## Instructions to follow
Working through the data below, reproduce word for word the line with "Pomegranate fruit concept" and every line after it, both ends included, and omit the pictures.

## Information shown

++++

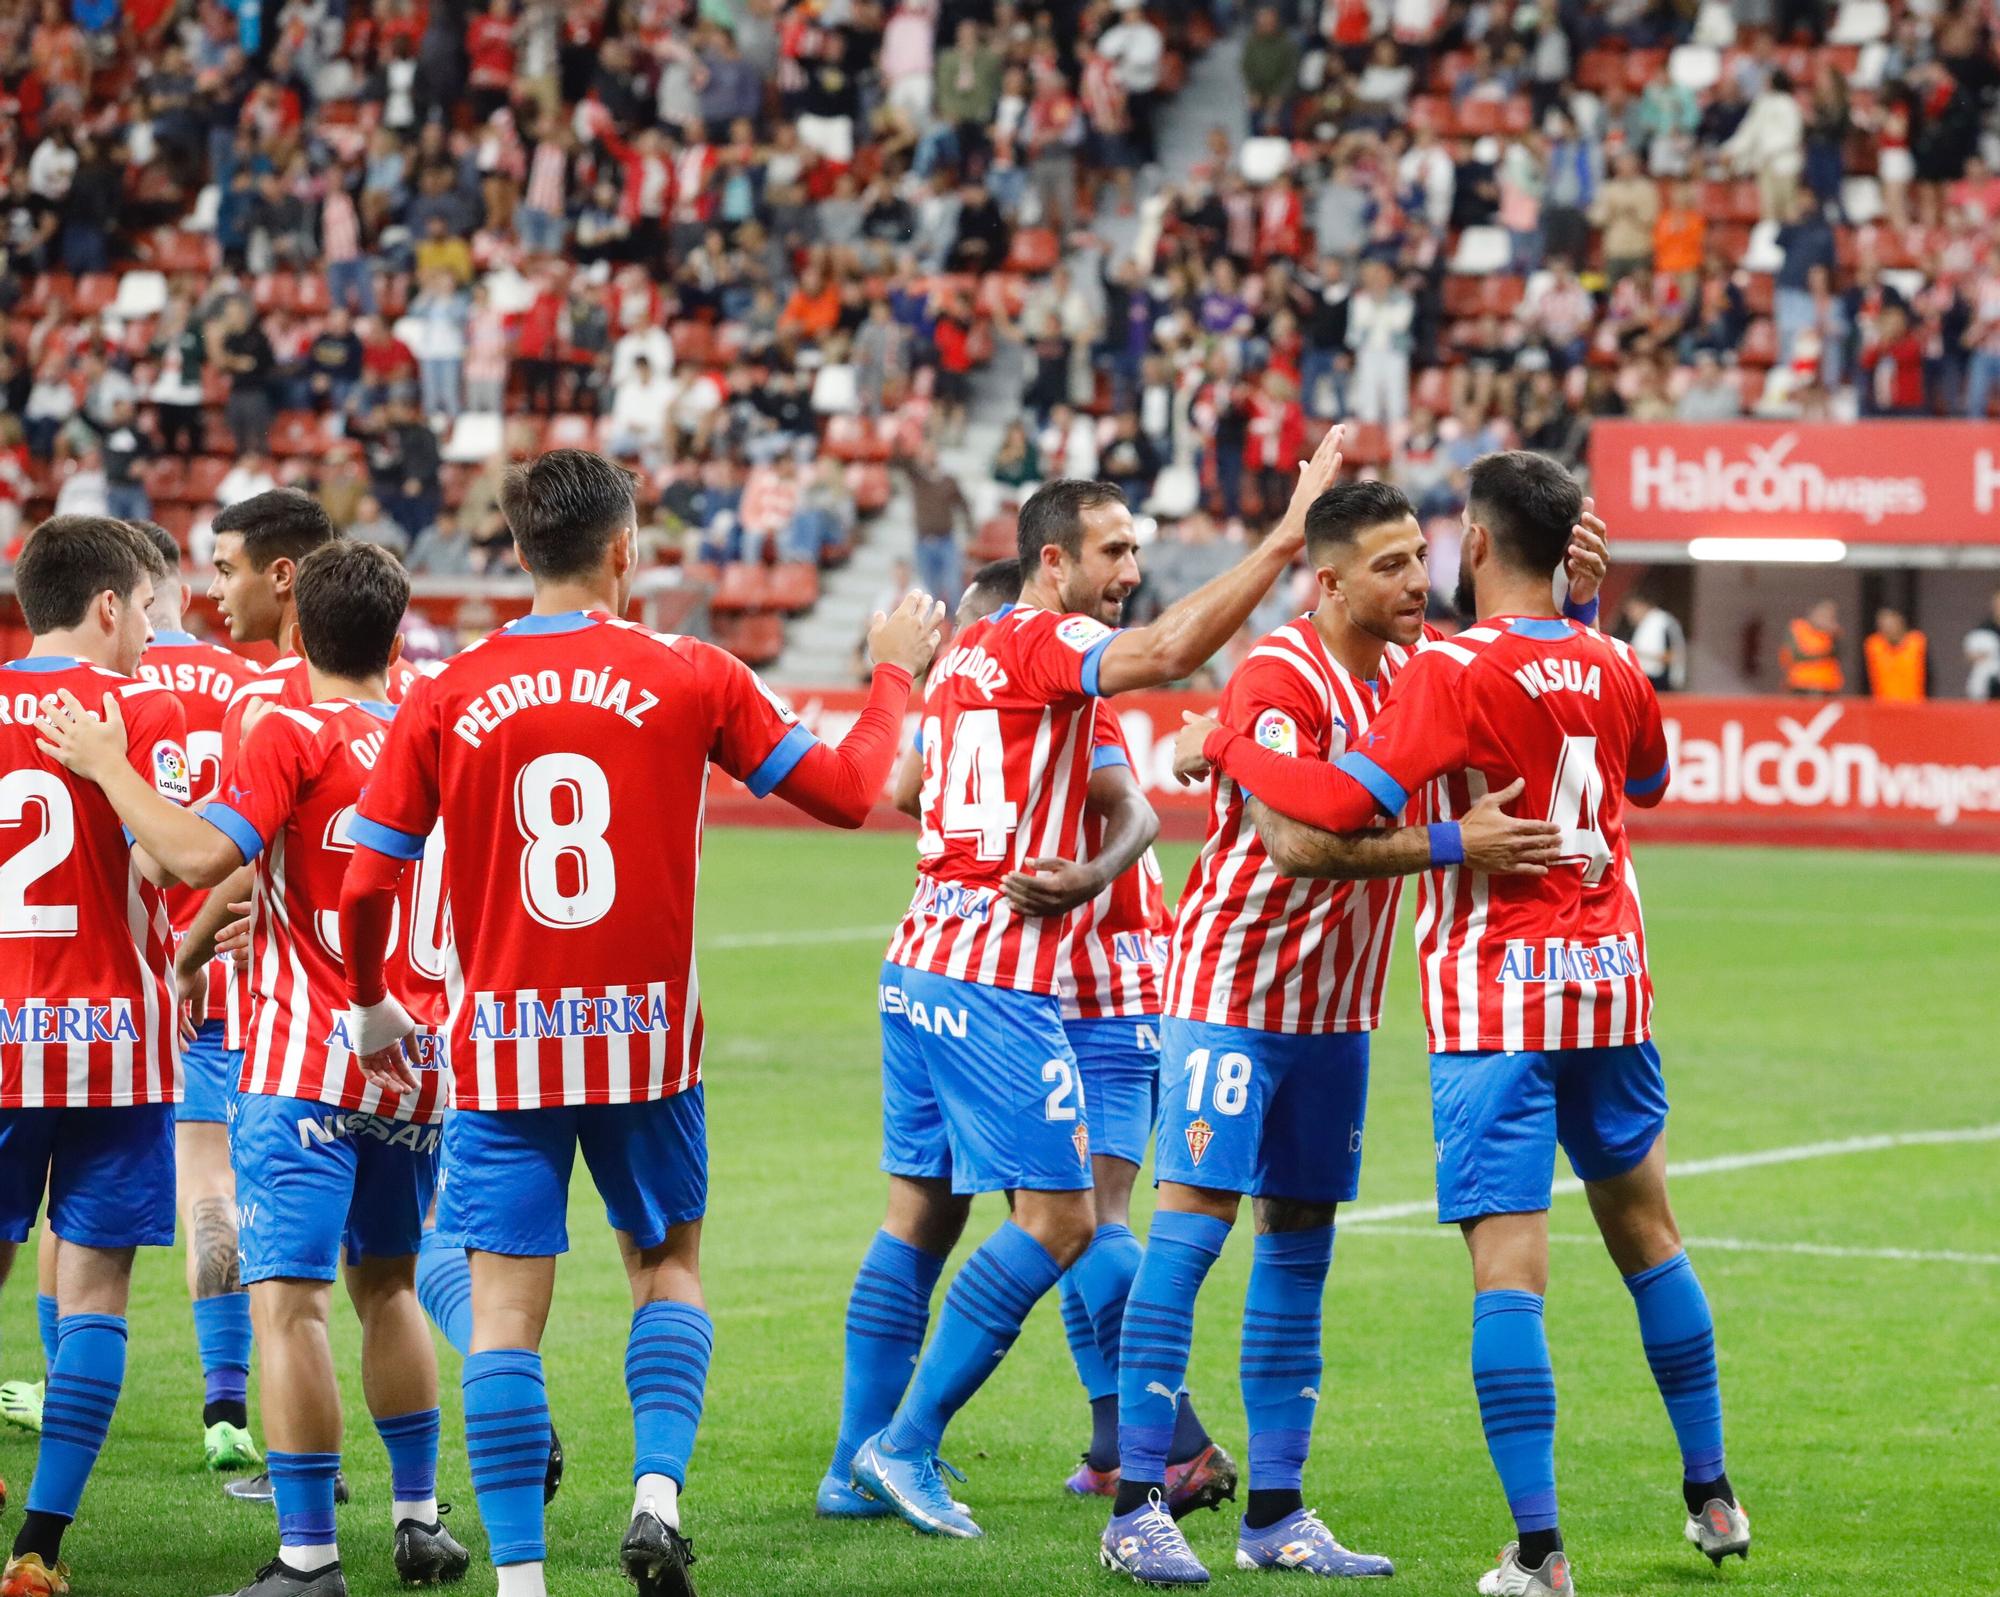 En imágenes: El Sporting consigue los tres puntos ante el Ibiza en un partido muy disputado
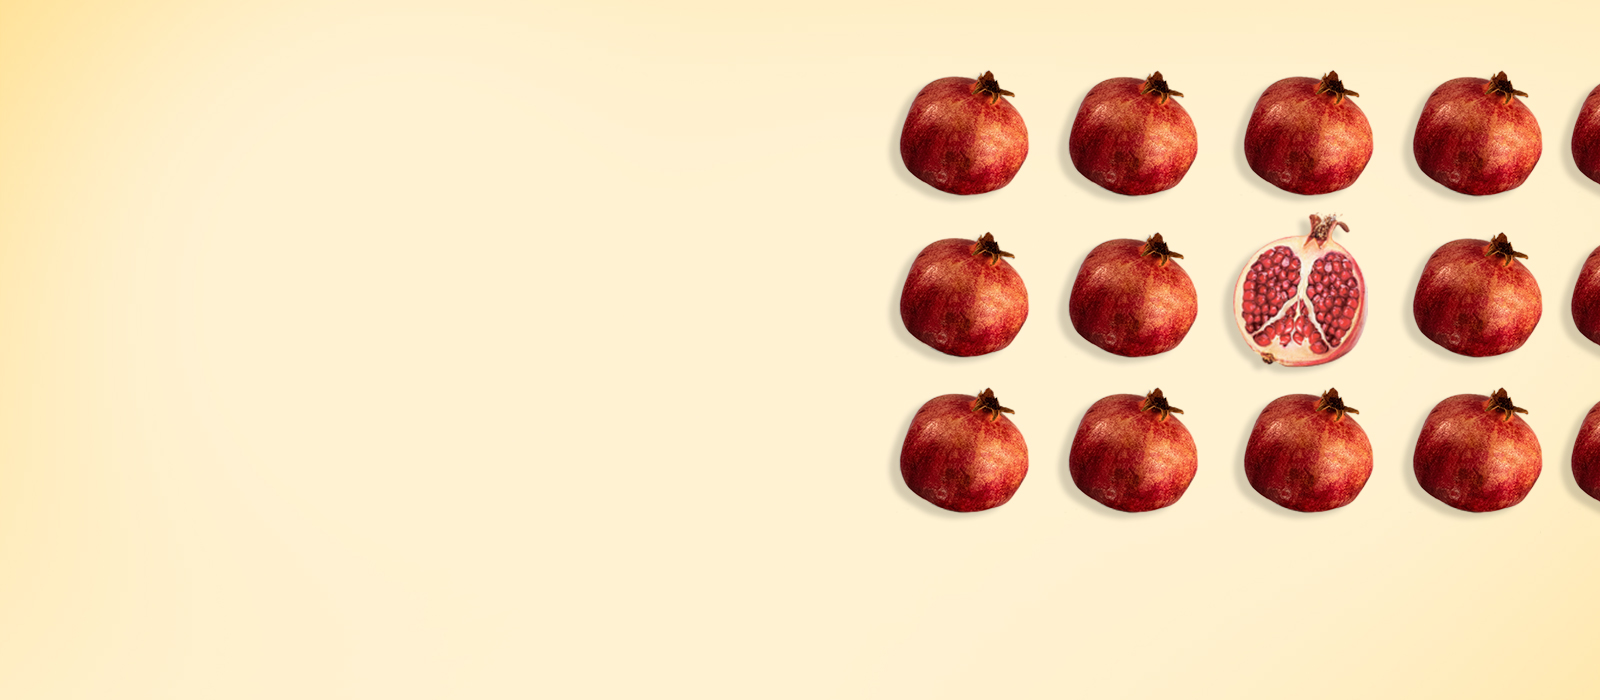 Pomegranate fruit concept
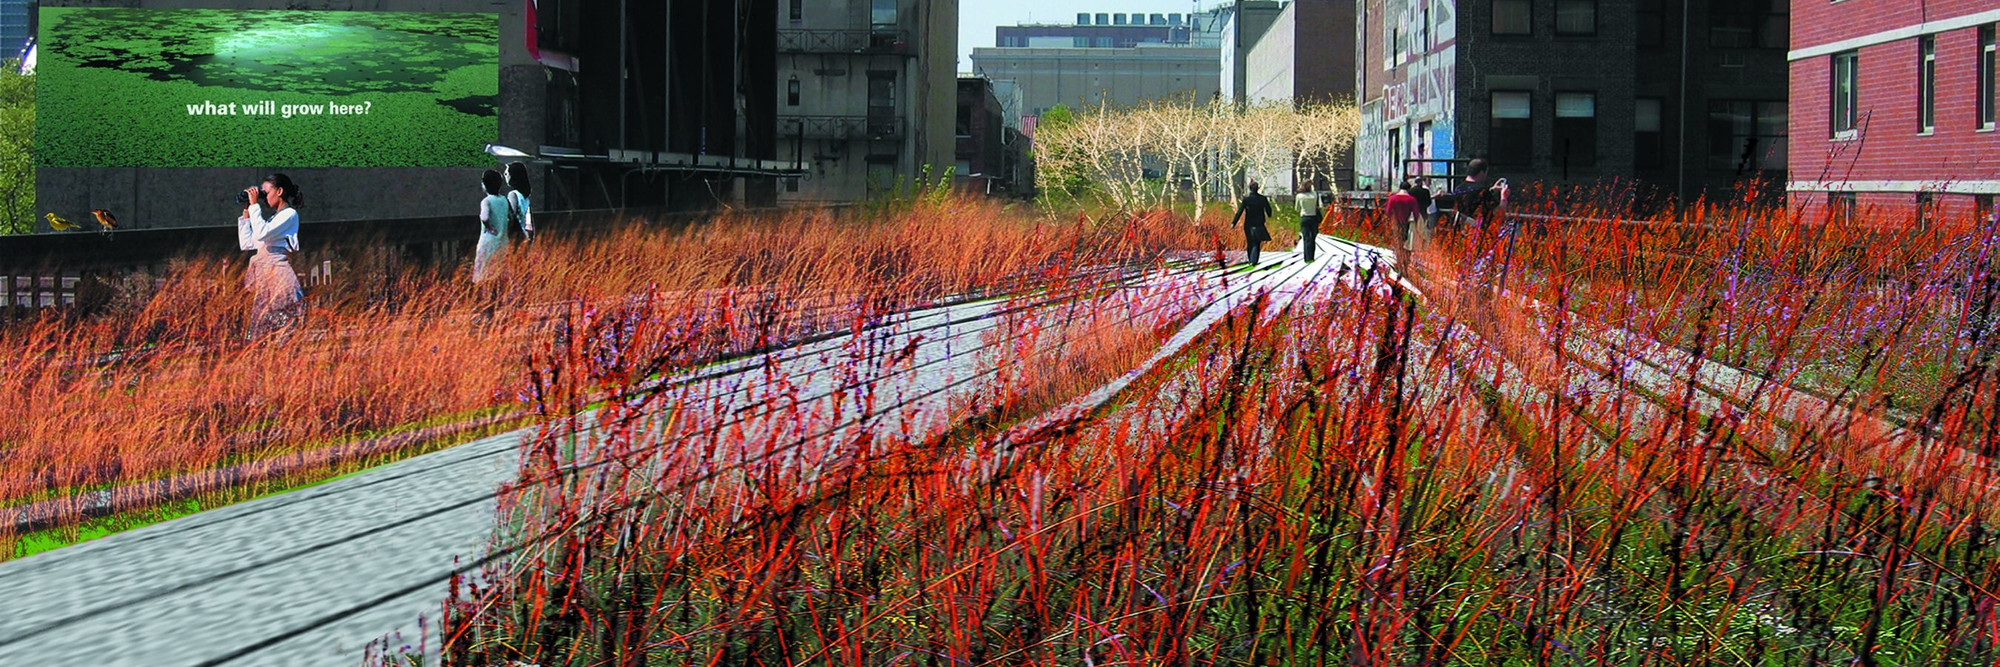 The High Line - Diller Scofidio + Renfro
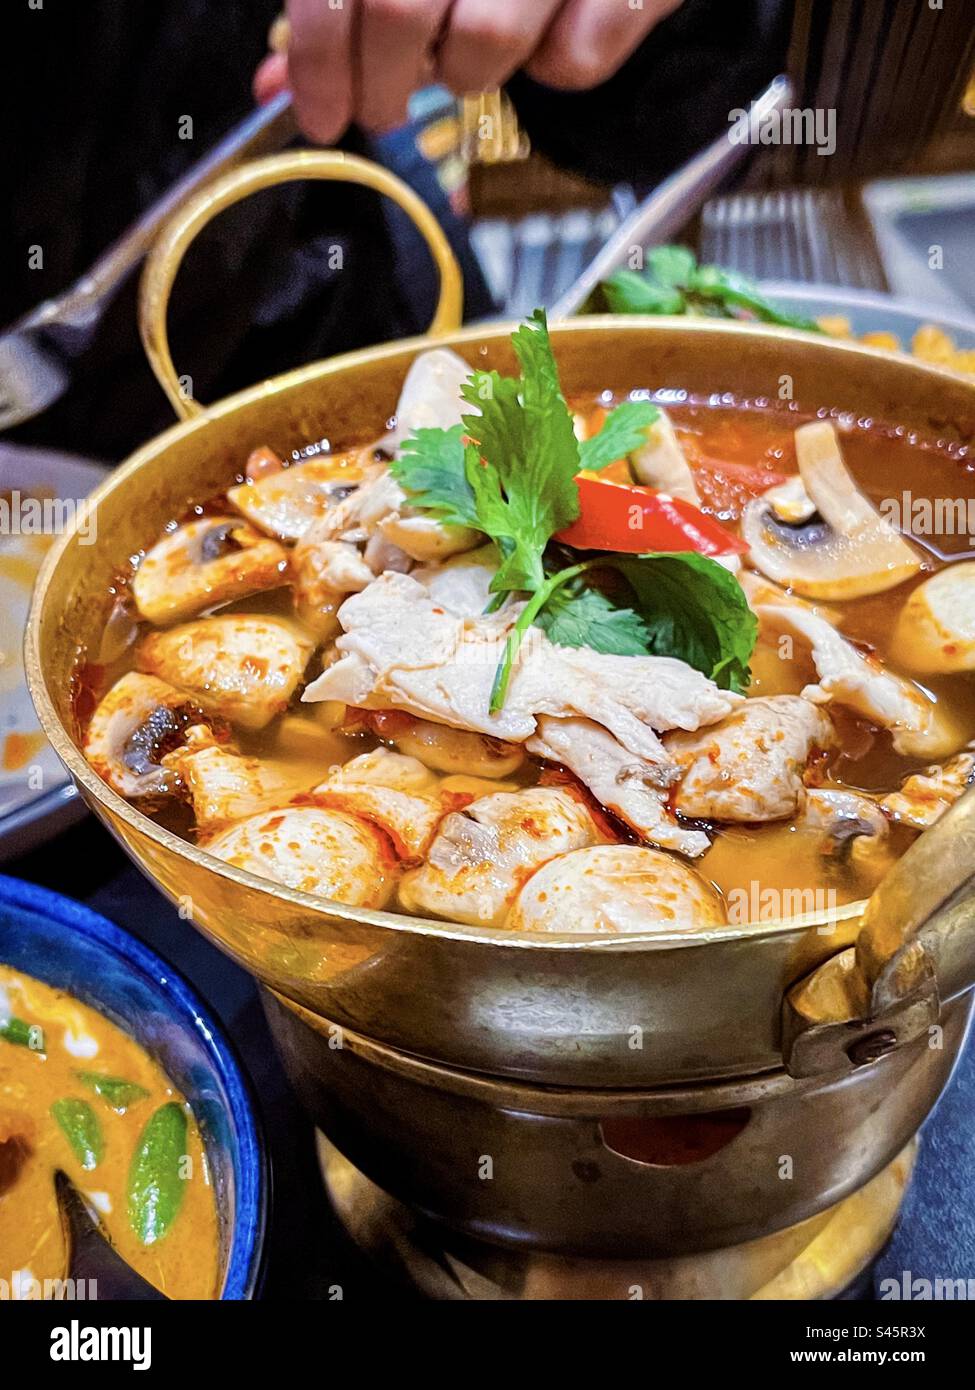 TomYang BBQ - Original Thai Grill & Hot Pot

++++

## Solution for this exercise
 Pomegranate fruit concept
 The High Line - Diller Scofidio + Renfro
 TomYang BBQ - Original Thai Grill & Hot Pot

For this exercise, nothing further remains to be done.